- Occupation: forensic psychologist
- Known for: Helped uncover abusive interrogation in Guantanamo

= Michael Gelles =

American forensic psychologist

Michael Gelles is an American forensic psychologist.
He is notable for the role he played in uncovering the unauthorized use of abusive techniques during the interrogation of captives held in extrajudicial detention, apprehended during the "war on terror".
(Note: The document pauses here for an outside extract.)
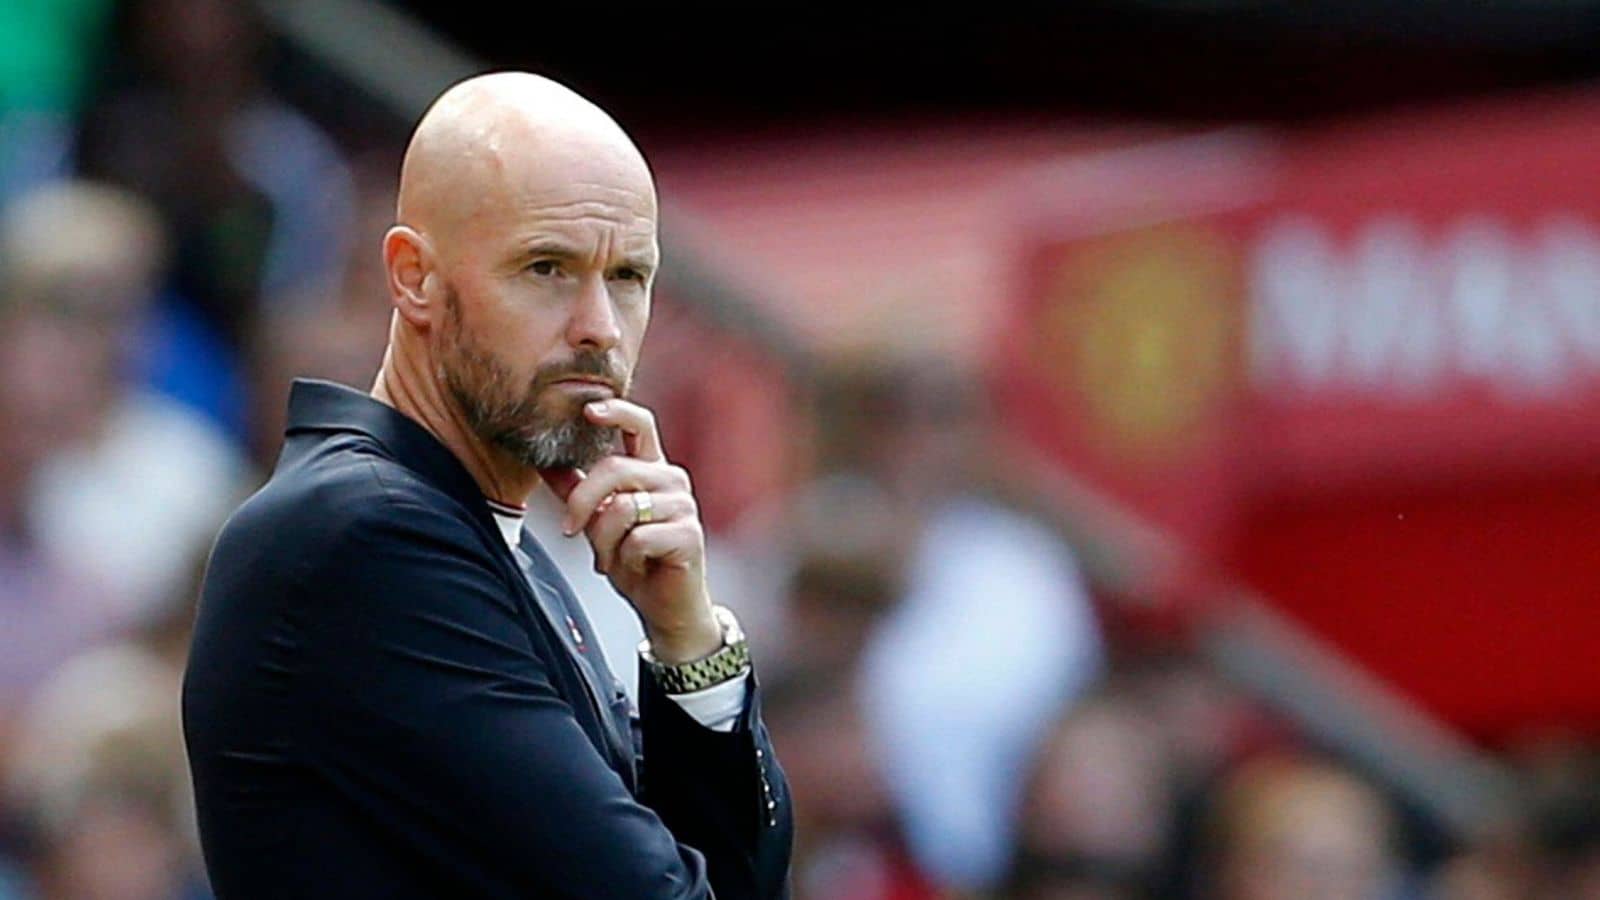 Manchester United Manager Erik ten Hag Laments Unfortunate Loss to Arsenal in North London Clash

Gelles was chief forensic psychologist for the Naval Criminal Investigative Service (NCIS) in 2002 when he and other senior NCIS officials learned of the unauthorized use of extended techniques on Guantanamo captive Mohammed Al Qahtani, one of the suspected 20th hijackers, who was subjected to 58 days of sleep deprivation.
Gelles was interviewed for the film Torturing Democracy.
Selections from the interviews appeared in the film where Gelles described how he and his boss at NCIS, Alberto J. Mora, and their colleagues learned of the use of abusive interrogation techniques, and their reactions.
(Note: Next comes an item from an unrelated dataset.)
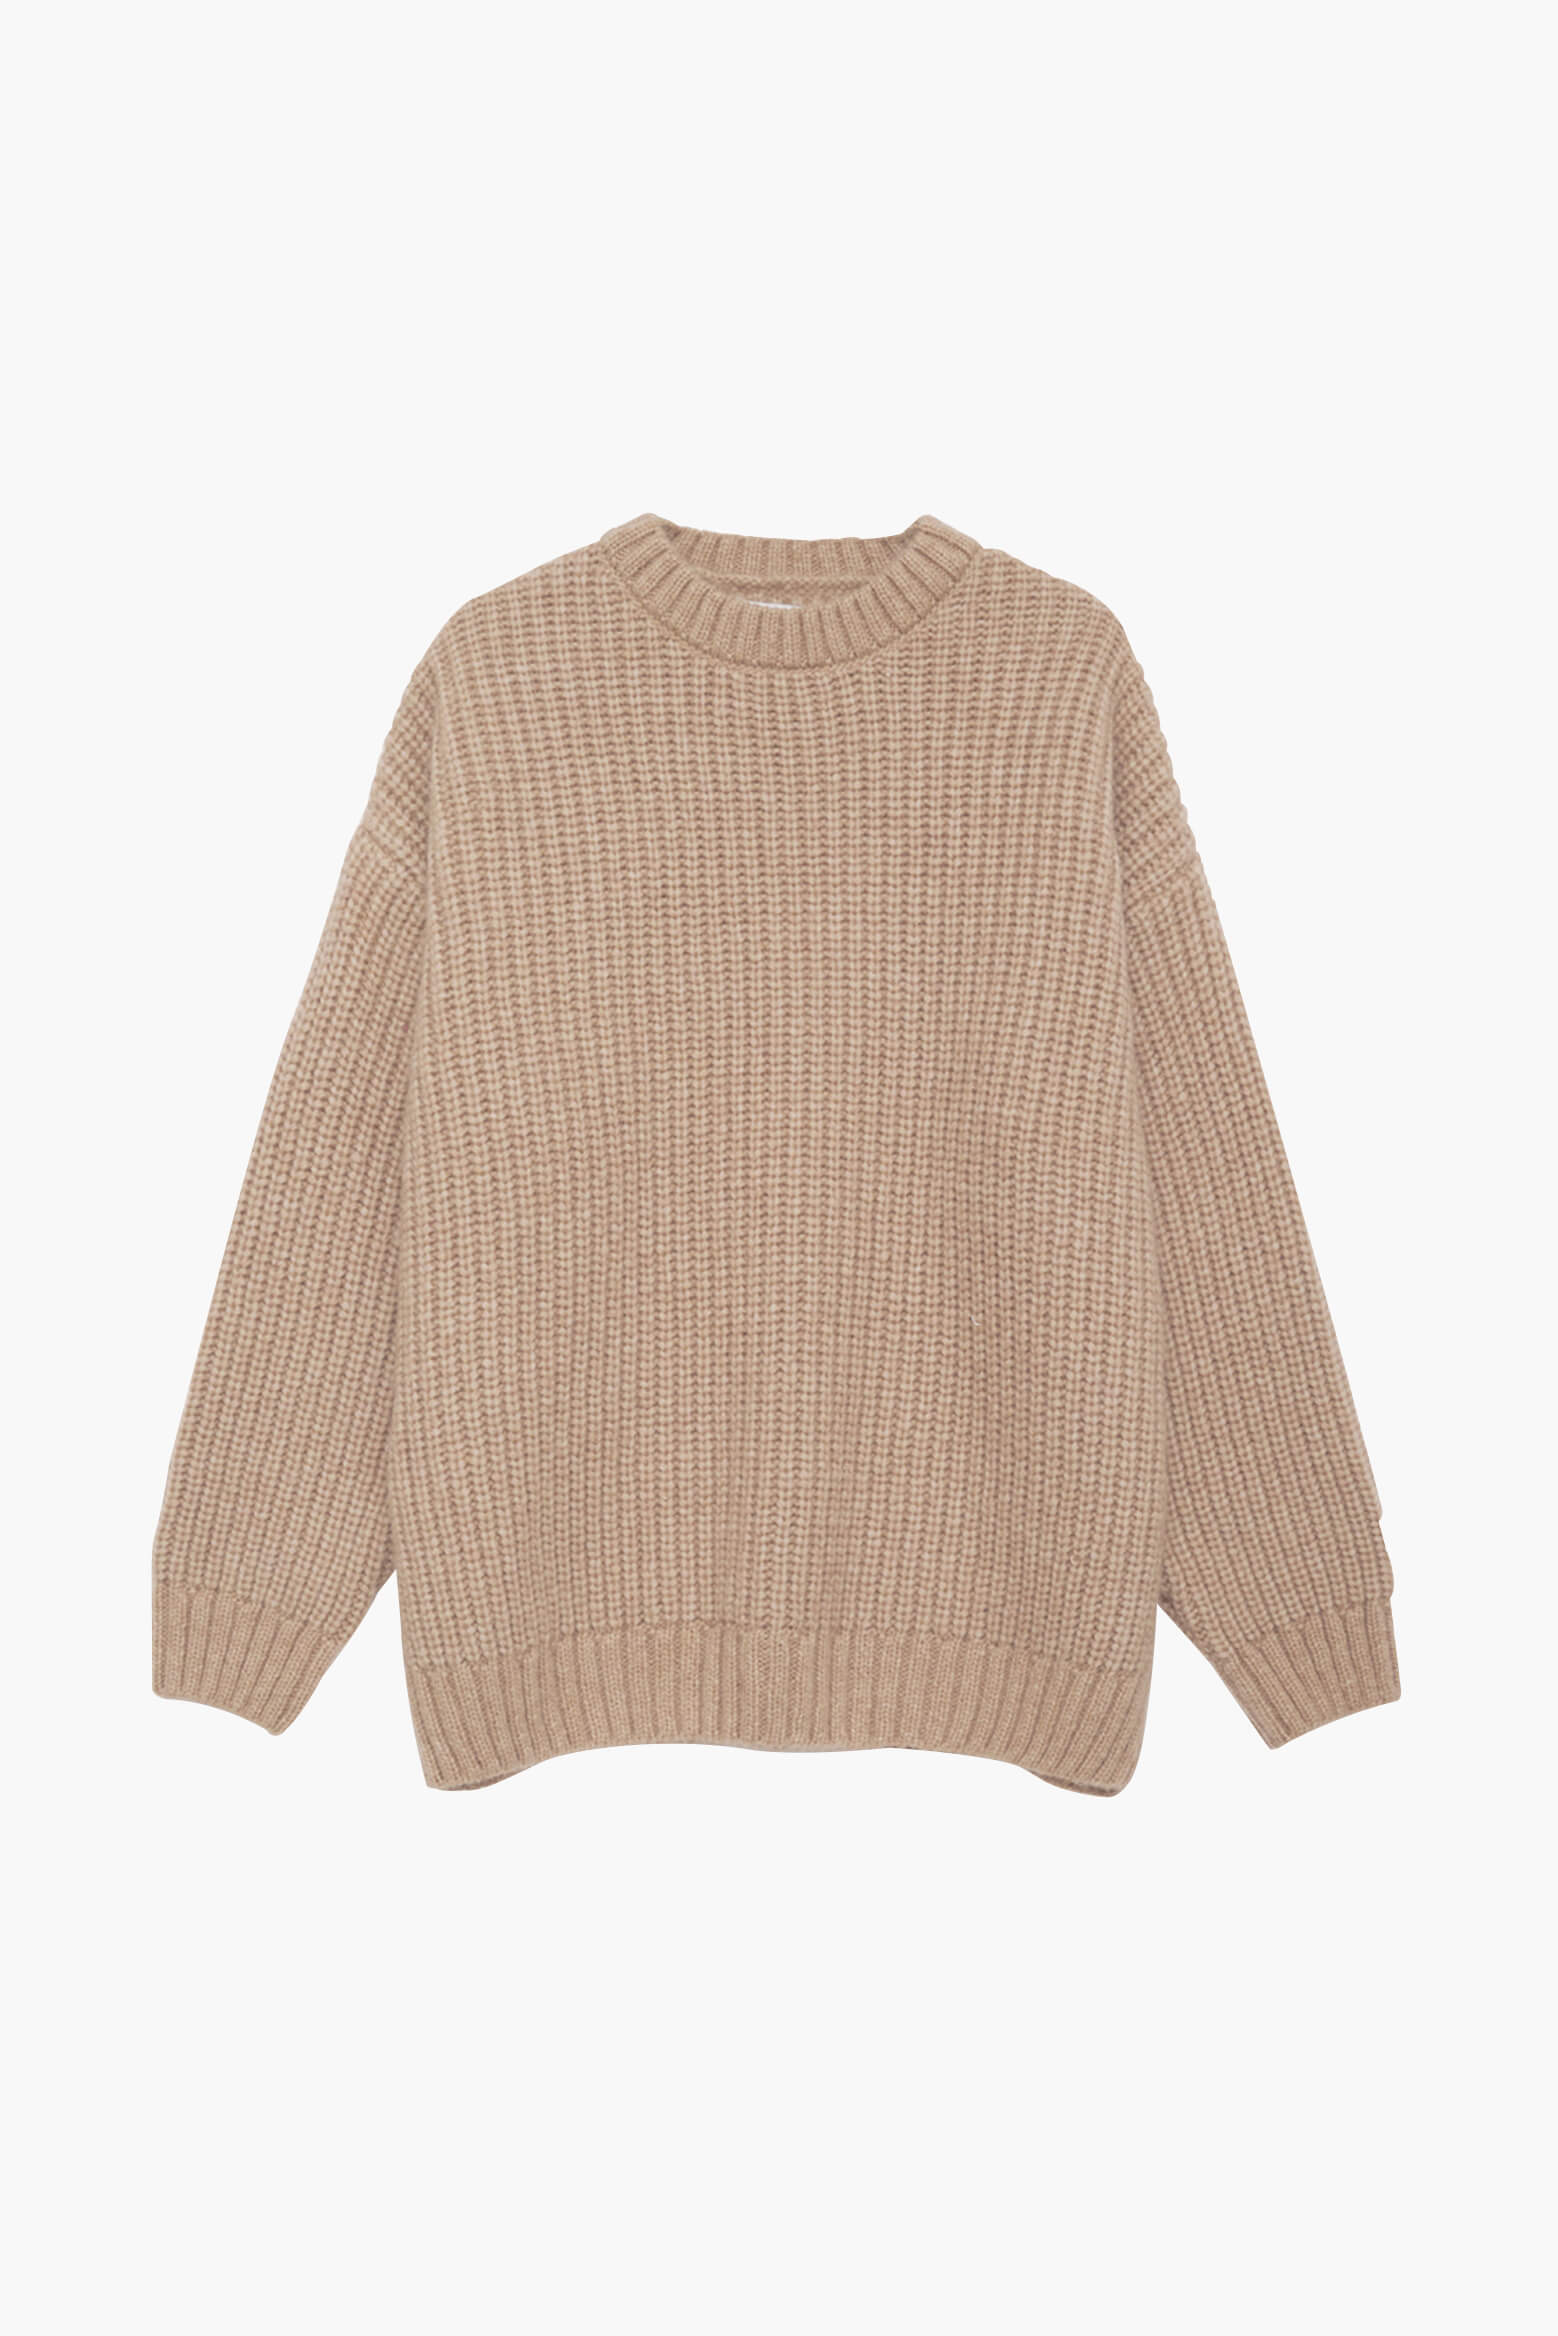 Anine Bing Sydney Crew Sweater in Camel available at TNT The New Trend

Prior to his service with the NCIS Gelles was an officer in the United States Navy Medical Corps.
In 1991 he was a lieutenant commander.

Gelles has faced criticism for his role in the treatment of United States Navy First Class Petty Officer Daniel King, in 1999.
Gelles was called in when King had been held without charge, and subjected to 29 days of sleep deprivation, when he told interrogators he was feeling suicidal and requested the help of a mental health professional.
According to King's lawyers their confused and disoriented client's false confession was triggered, in part, due to advice from Gelles that he would feel better once he had confessed.